The claim that the corpus of the property was given to the children, is founded in part upon a criticism of the language of the testator in the ninth and other clauses of his will. For example, in the ninth clause he speaks of the “ share and proportion of his estate, and the interest, etc., to which such child” is entitled. The language is inexact and inappropriate upon the construction that the children take no share of the principal, but as the context shows, it was made to define the proportion of the corpus to which their issue would be entitled on the death of the parent. In the tenth clause, which, in a certain contingency, gives to his sons a share of the principal, it is referred to as the share “ from which they receive annual or semiannual interest,” showing that the original gift to the sons comprehended the income only. The counsel for the appellants, to support their contention that there is a gift of the corpus to the children, refer to the doctrine that a general gift of the income of a fund, is a gift of the fund itself. (Haig v. Swiney, 1 Sim. & Stu. 488; Patterson v. Ellis, 11 Wend. 260.) But this doctrine does not apply in this case, for the reason that there is no general gift of the income to the testator’s children. It is true that the gift of the income to the children is not in express terms limited to their lives, but this is the necessary construction from the gift over of the principal sum on their death. The direction to divide the income among the children, and to pay over the principal to their issue on their death, is equivalent to a bequest of the income, to the children for life, and of the principal to their issue. (Gilman v. Reddington, 24 N. Y. 10; Manice v. Manice, 43 id. 378.) It is to be observed also, that in the tenth clause, providing for a contingent limitation of the fee to the sons, the testator uses terms of express gift, and does not leave his intention to inference. That the testator’s general intention was to give the income only to his children and the principal to his grandchildren, is plain and unmistakable. The substituted gift in the tenth clause is not inconsistent with the general purpose. He may reasonably have supposed that if his sons demonstrated their ability to accumulate property, and were of good habits, his estate, given to them in that contingency, would be preserved for, and ultimately be applied for the benefit of their issue.

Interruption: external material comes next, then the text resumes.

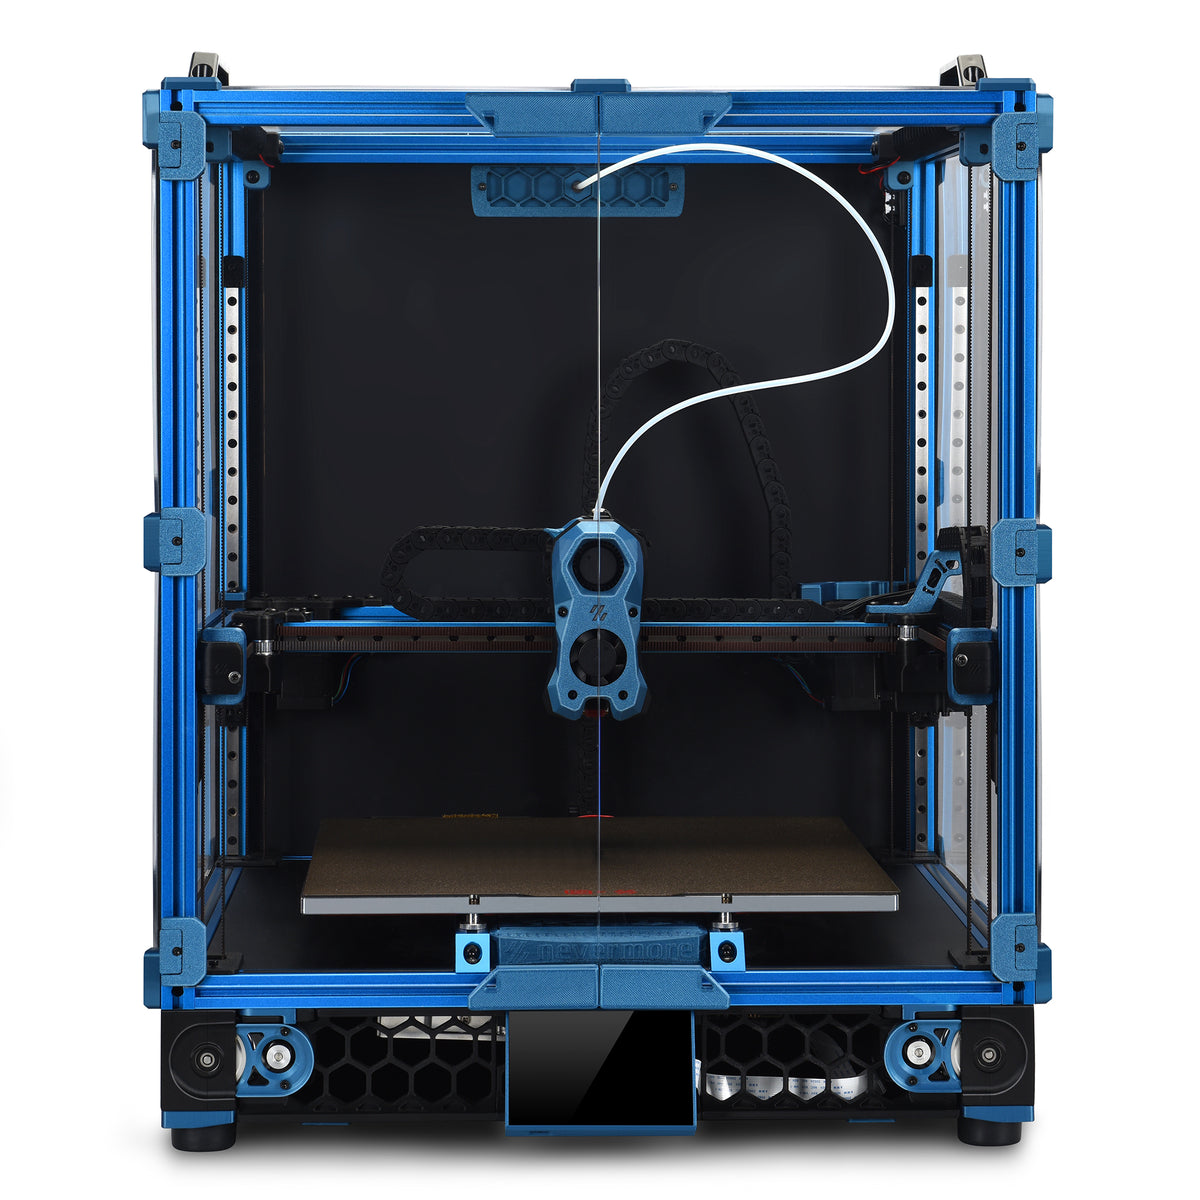 EDEN VORON MK2.4 EDITION — Eden 3D Printer
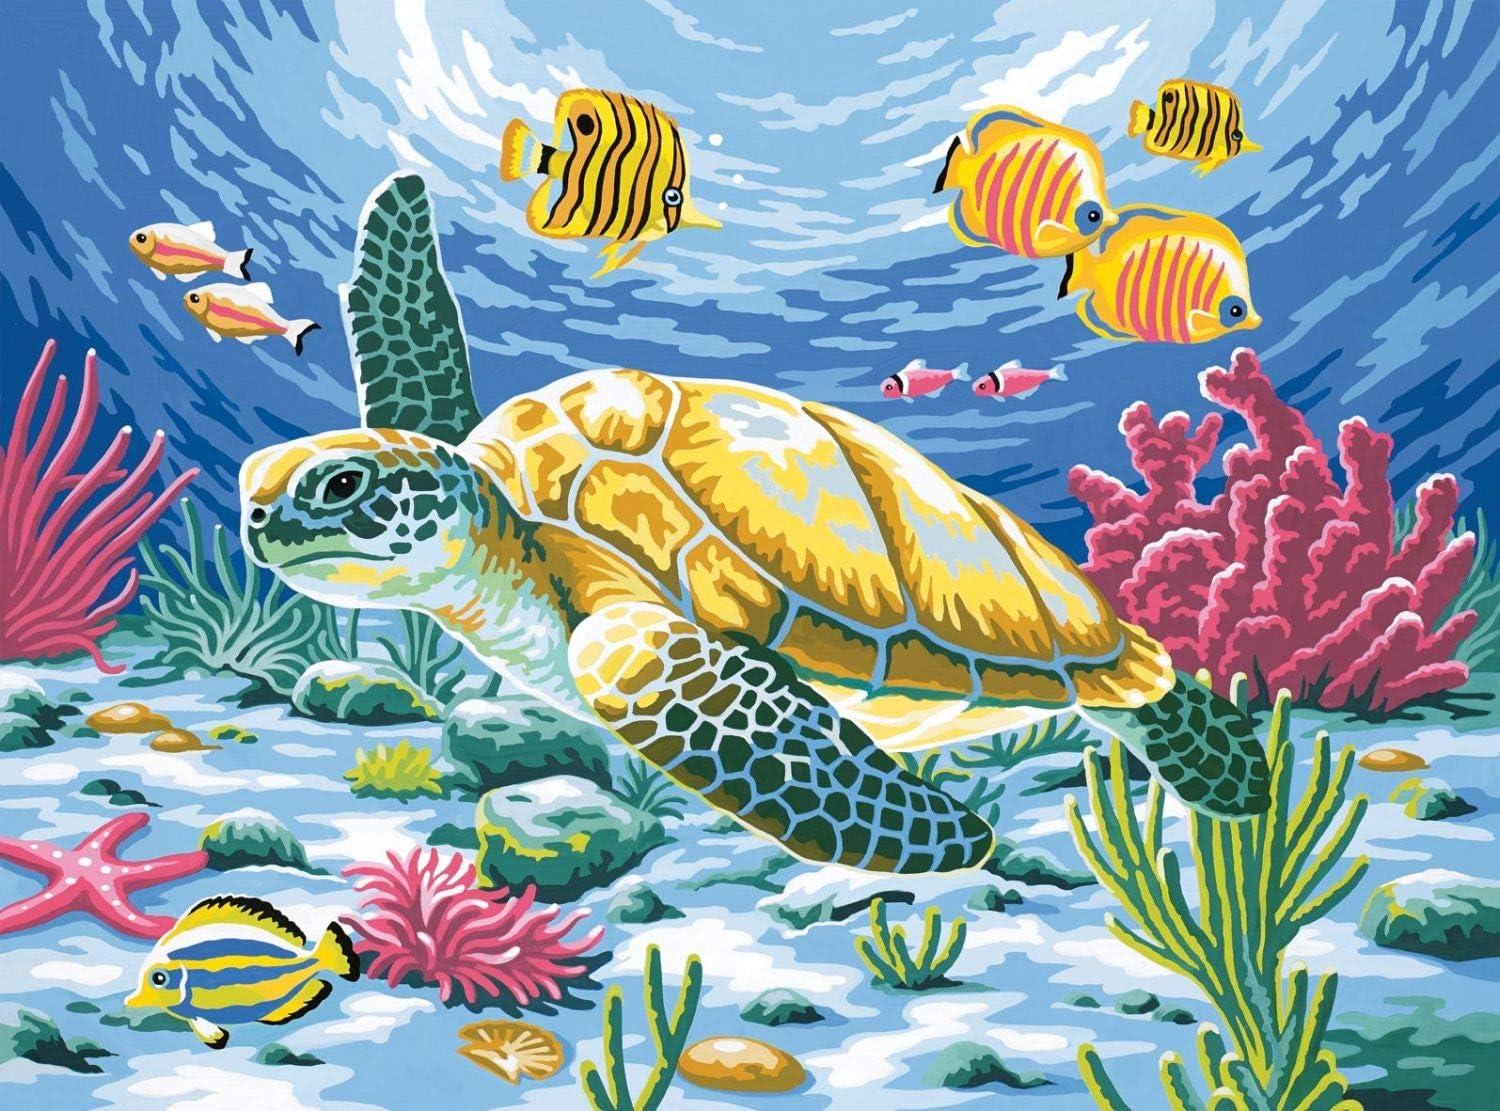 Reeves Farbe nach Zahlen große 12x16 Zoll - Meeresschildkröte

The argument that the construction that the children took life estates only, disinherits the heirs of the testator, and that courts lean against such a construction of a will, is only relevant when the intent is doubtful. But a limitation by a parent of Ms estate to his children for life, remainder to their issue, is in no just sense a disinheritance of his heirs.
The only question remaining respects the validity of the trust under the statute against perpetuities. Hpon the doctrme of equitable conversion, the trust in tMs case was a trust of personal property. (Kane v. Gott, 24 Wend. 659.) The absolute ownership of personal property cannot be suspended by any limitation in a will, for more than two designated lives in being at the death of the testator. (2 B. S. 773, § 1; Hawley v. James, 16 Wend. 61.) Such ownership may be suspended during the continuance of a lawful trust, and if the trust in question is so constituted that by its terms or necessary construction, it will not, or may not terminate within the period of two designated lives after the death of the testator, it is void.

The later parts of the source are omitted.